Task details: An exact, complete printout of the listing is wanted, minus its images.

Collected data:
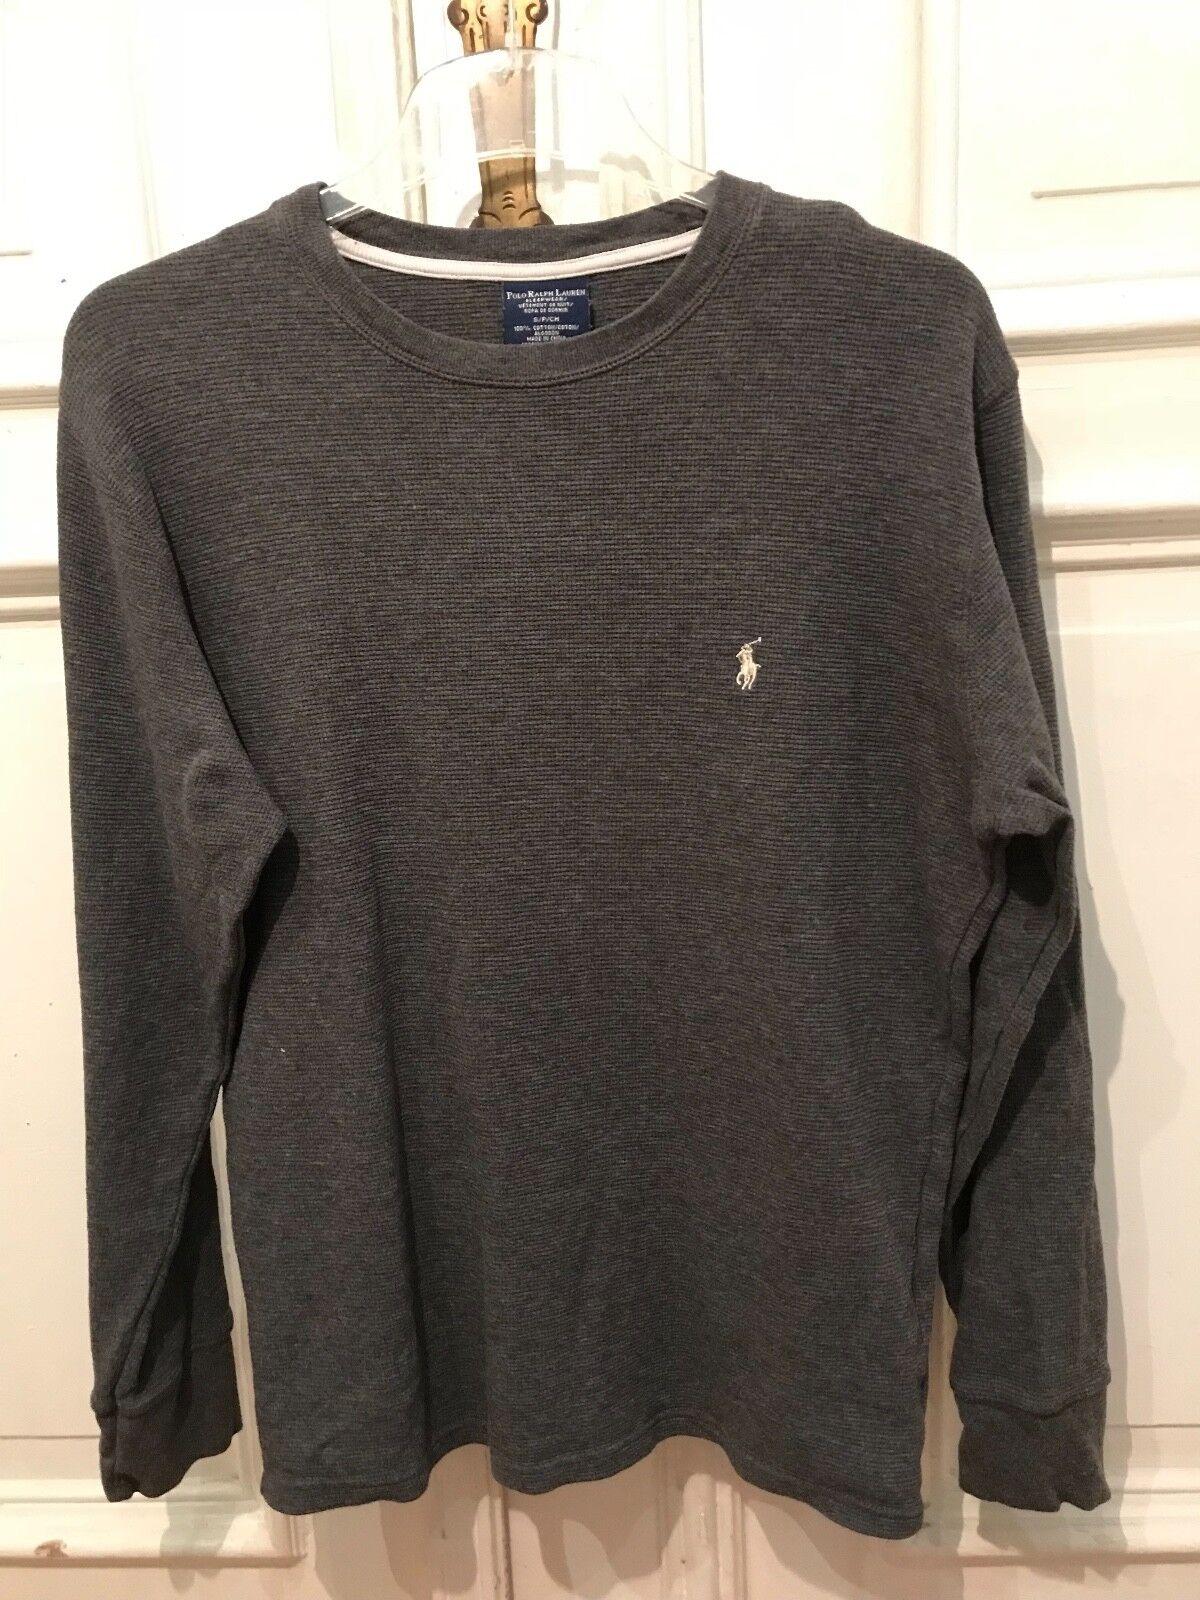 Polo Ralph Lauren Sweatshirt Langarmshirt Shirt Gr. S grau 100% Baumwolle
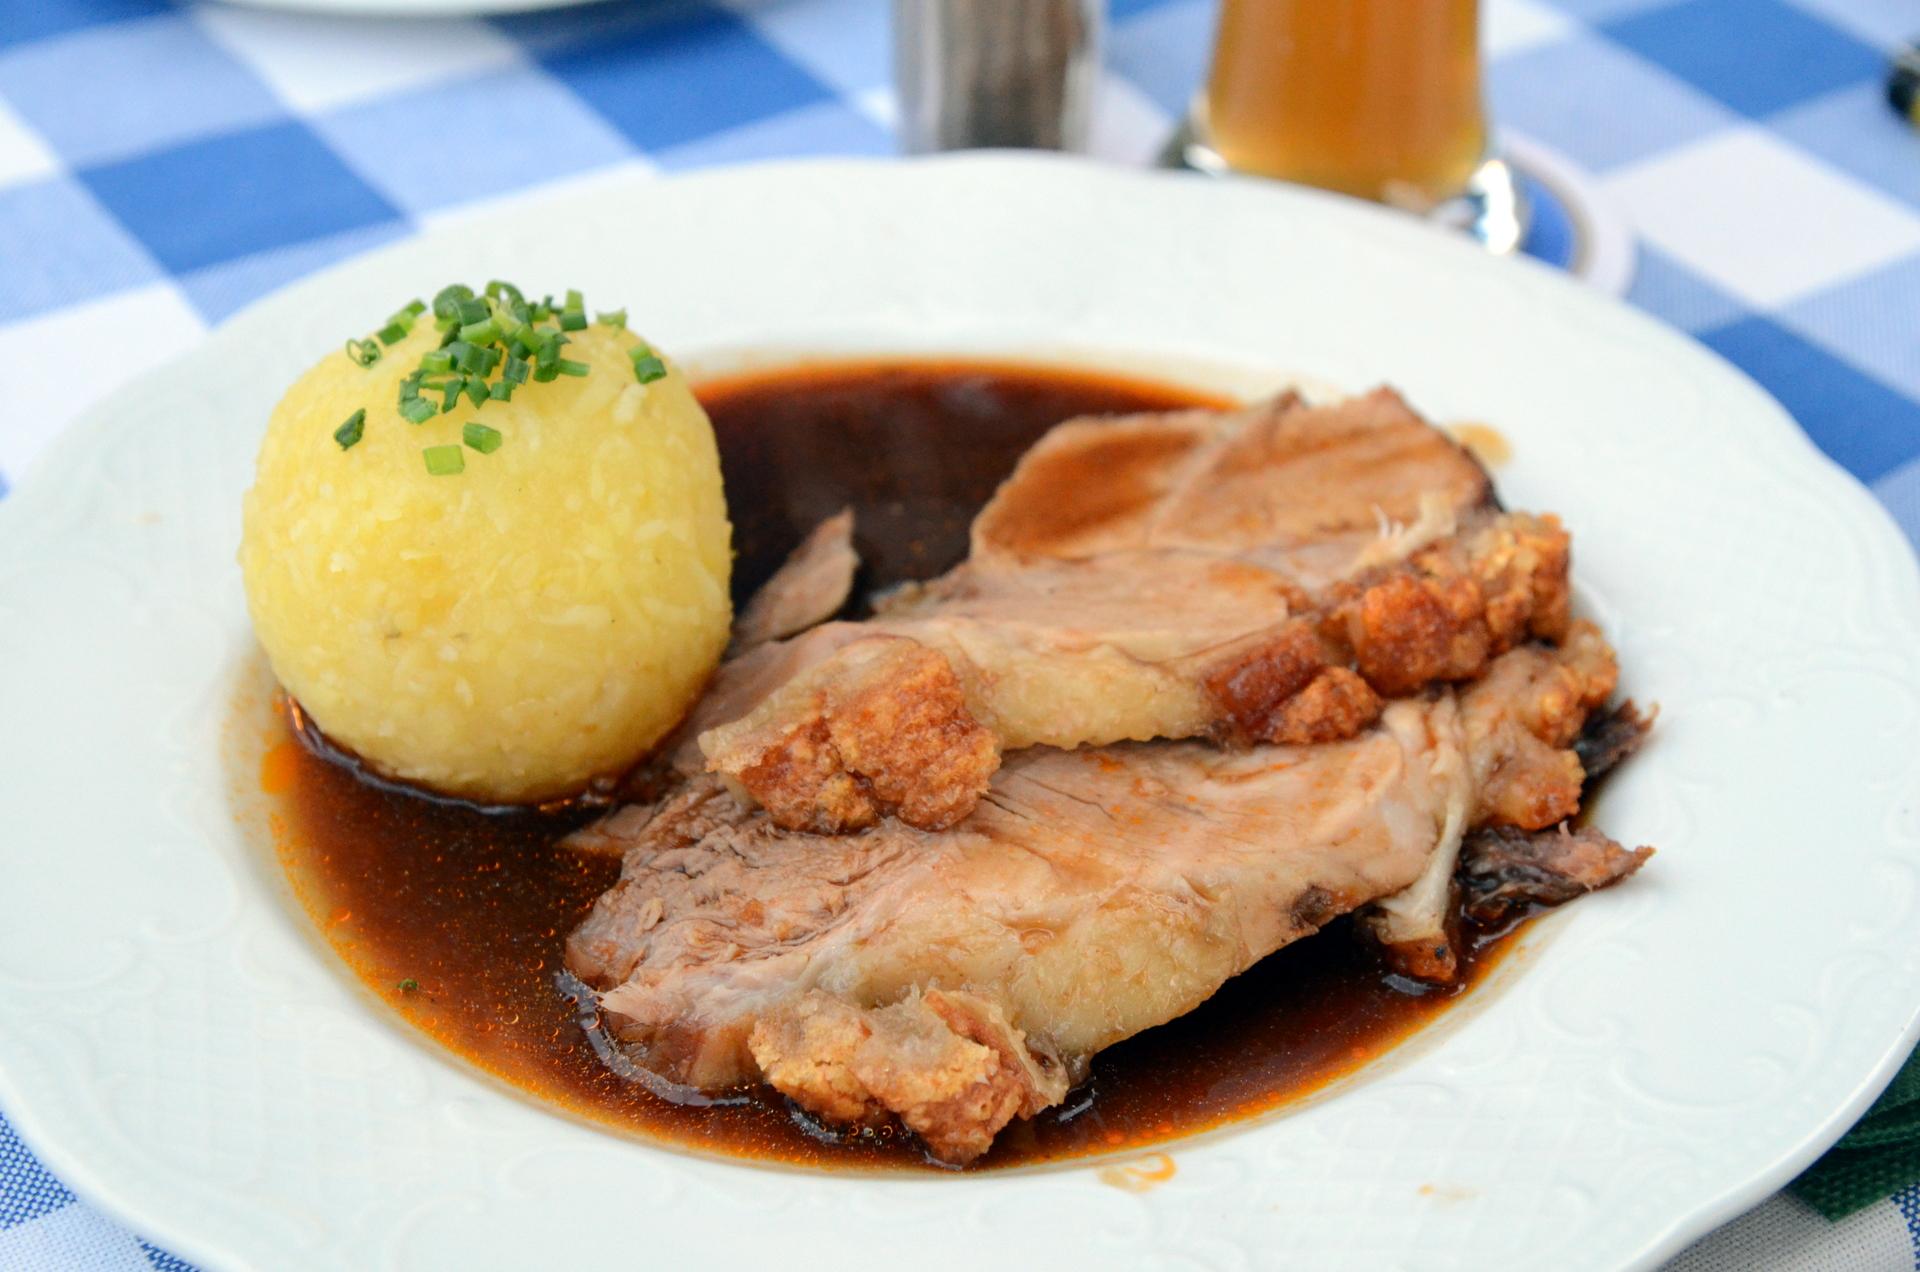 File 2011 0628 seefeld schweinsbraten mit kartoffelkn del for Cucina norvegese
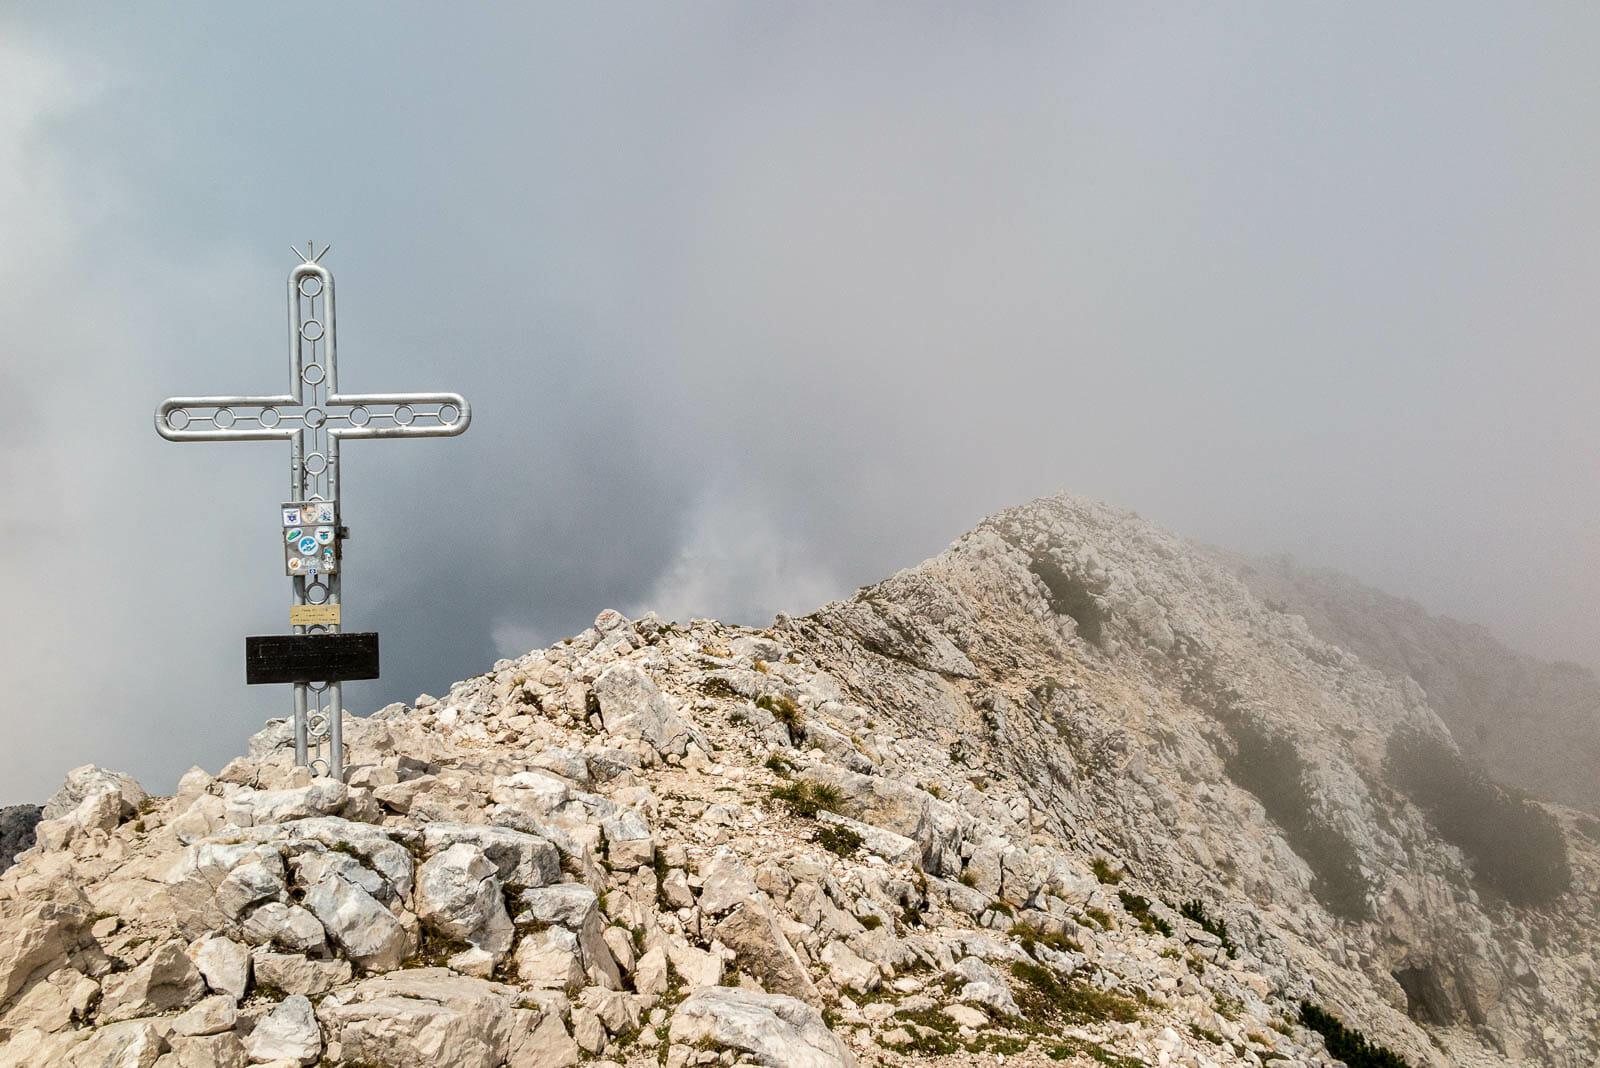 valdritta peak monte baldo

Reply:
 Polo Ralph Lauren Sweatshirt Langarmshirt Shirt Gr. S grau 100% Baumwolle
 File 2011 0628 seefeld schweinsbraten mit kartoffelkn del for Cucina norvegese
 valdritta peak monte baldo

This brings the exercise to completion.